• **Work request**
Print the data below again in full, exactly as it stands, with no images.

Provided material START

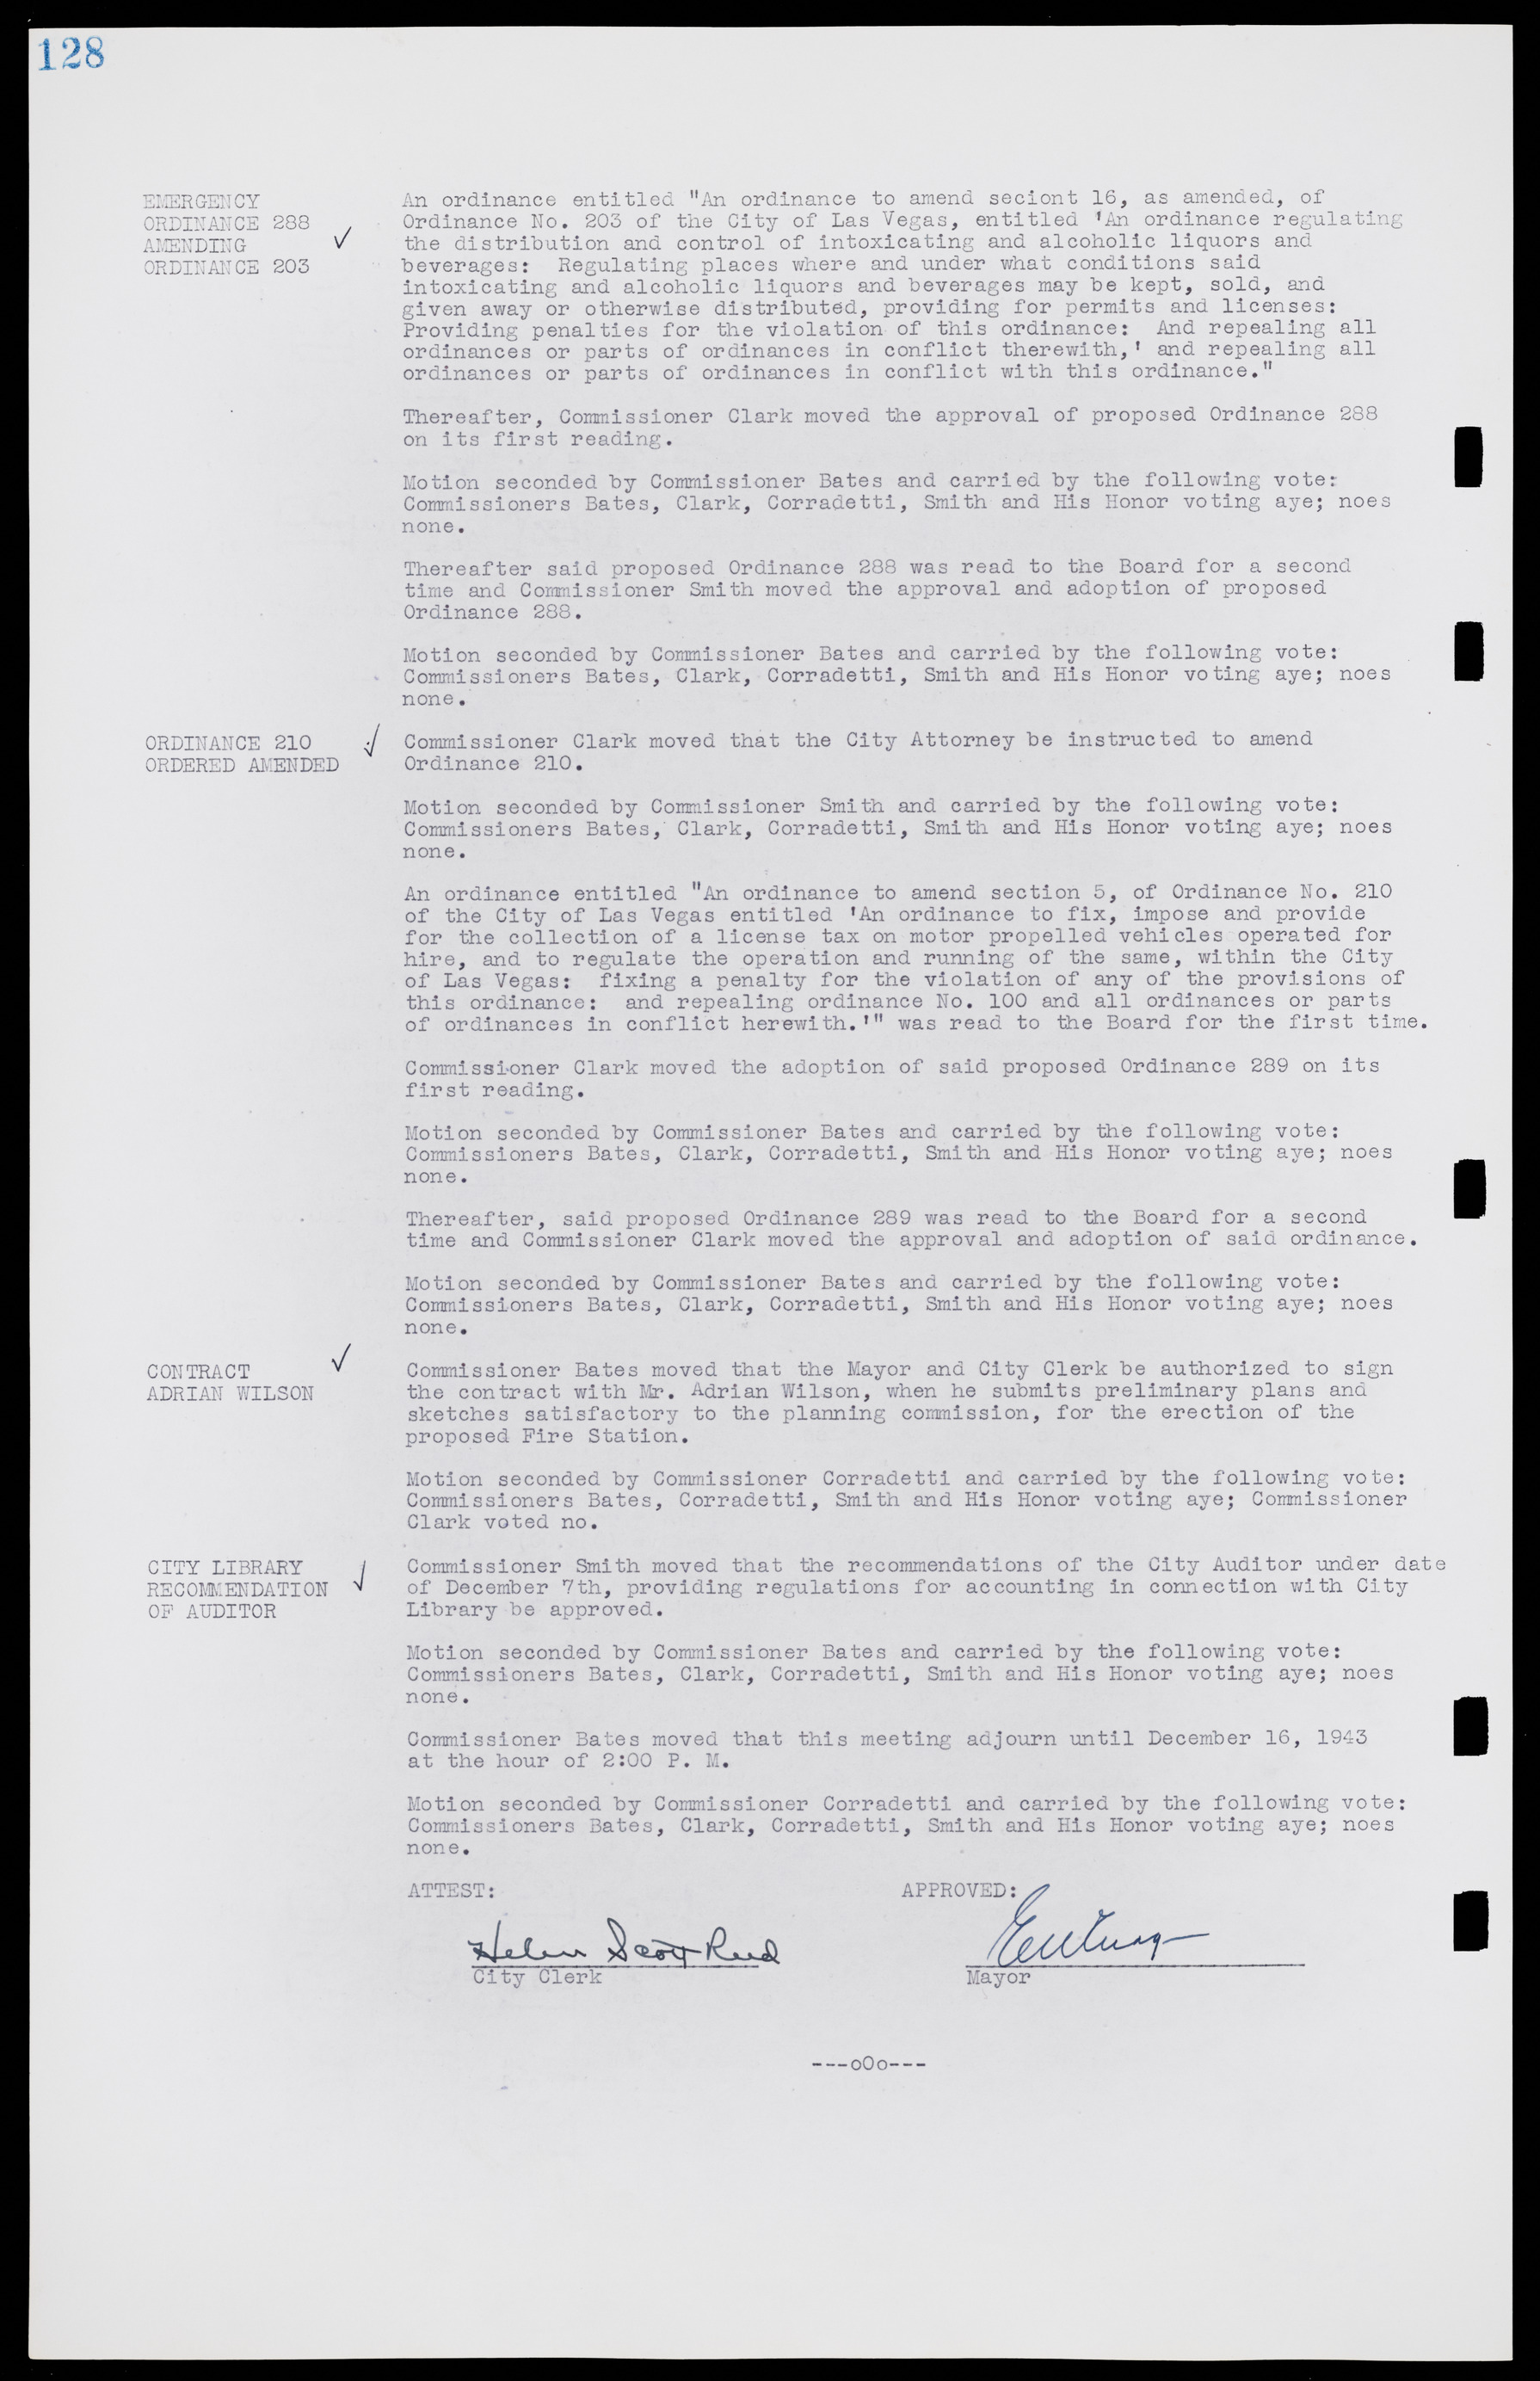 Las Vegas City Commission Minutes, August 11, 1942 to December 30, 1946, lvc000005-142
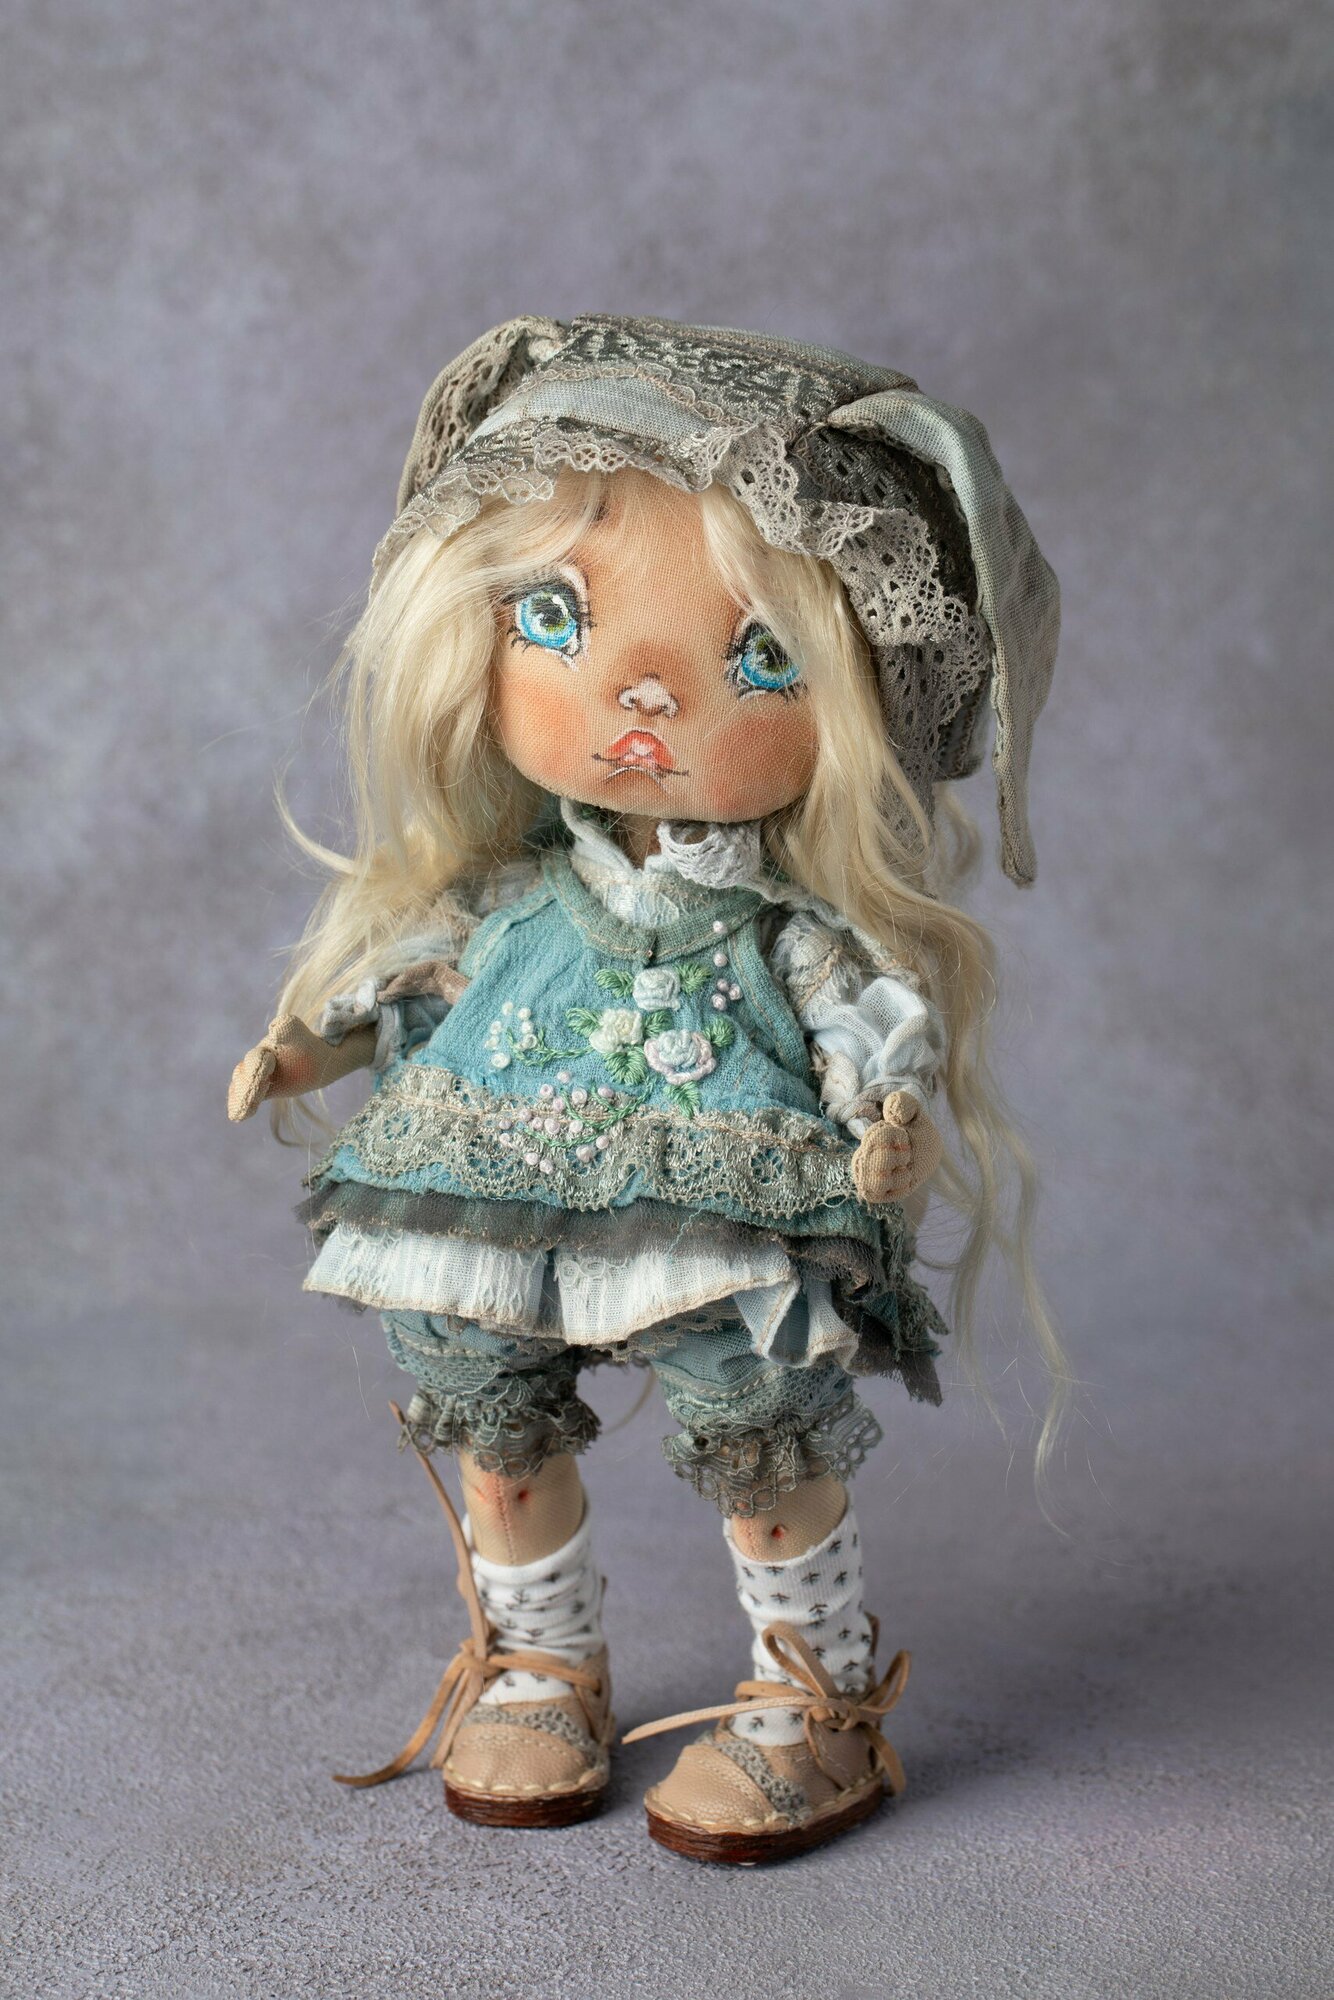 Авторская кукла "Девочка в голубом" ручной работы, интерьерная
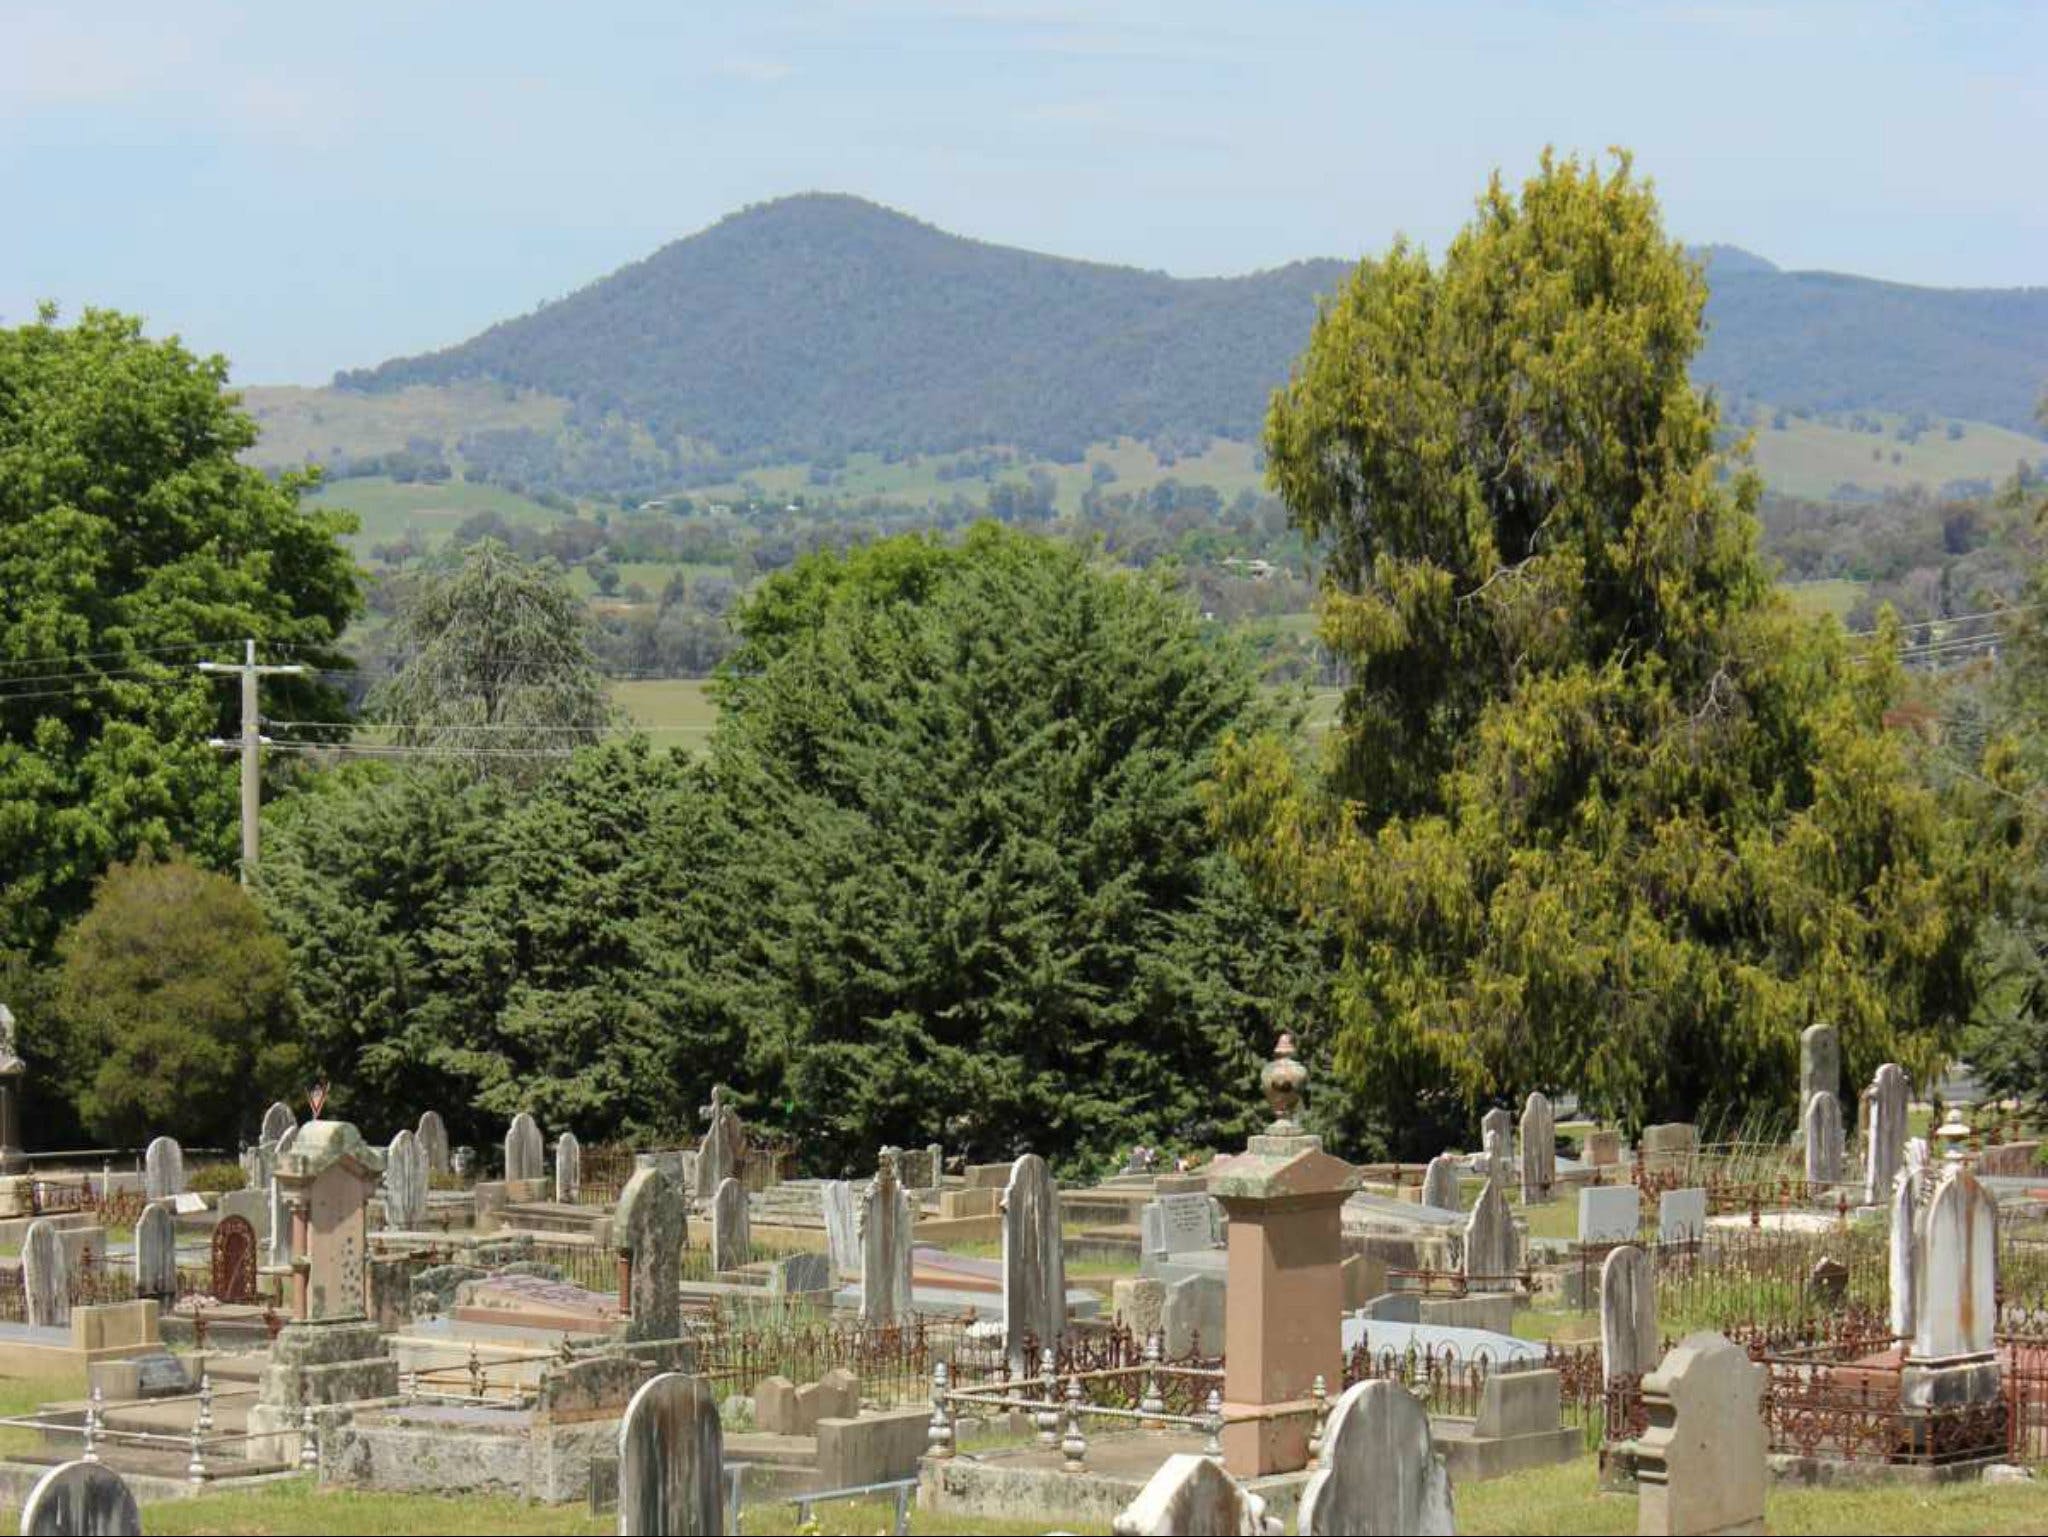 Yackandandah Cemetery - Accommodation Brunswick Heads

Provided material END

• **Solution to this task**
 Las Vegas City Commission Minutes, August 11, 1942 to December 30, 1946, lvc000005-142
 Авторская кукла "Девочка в голубом" ручной работы, интерьерная
 Yackandandah Cemetery - Accommodation Brunswick Heads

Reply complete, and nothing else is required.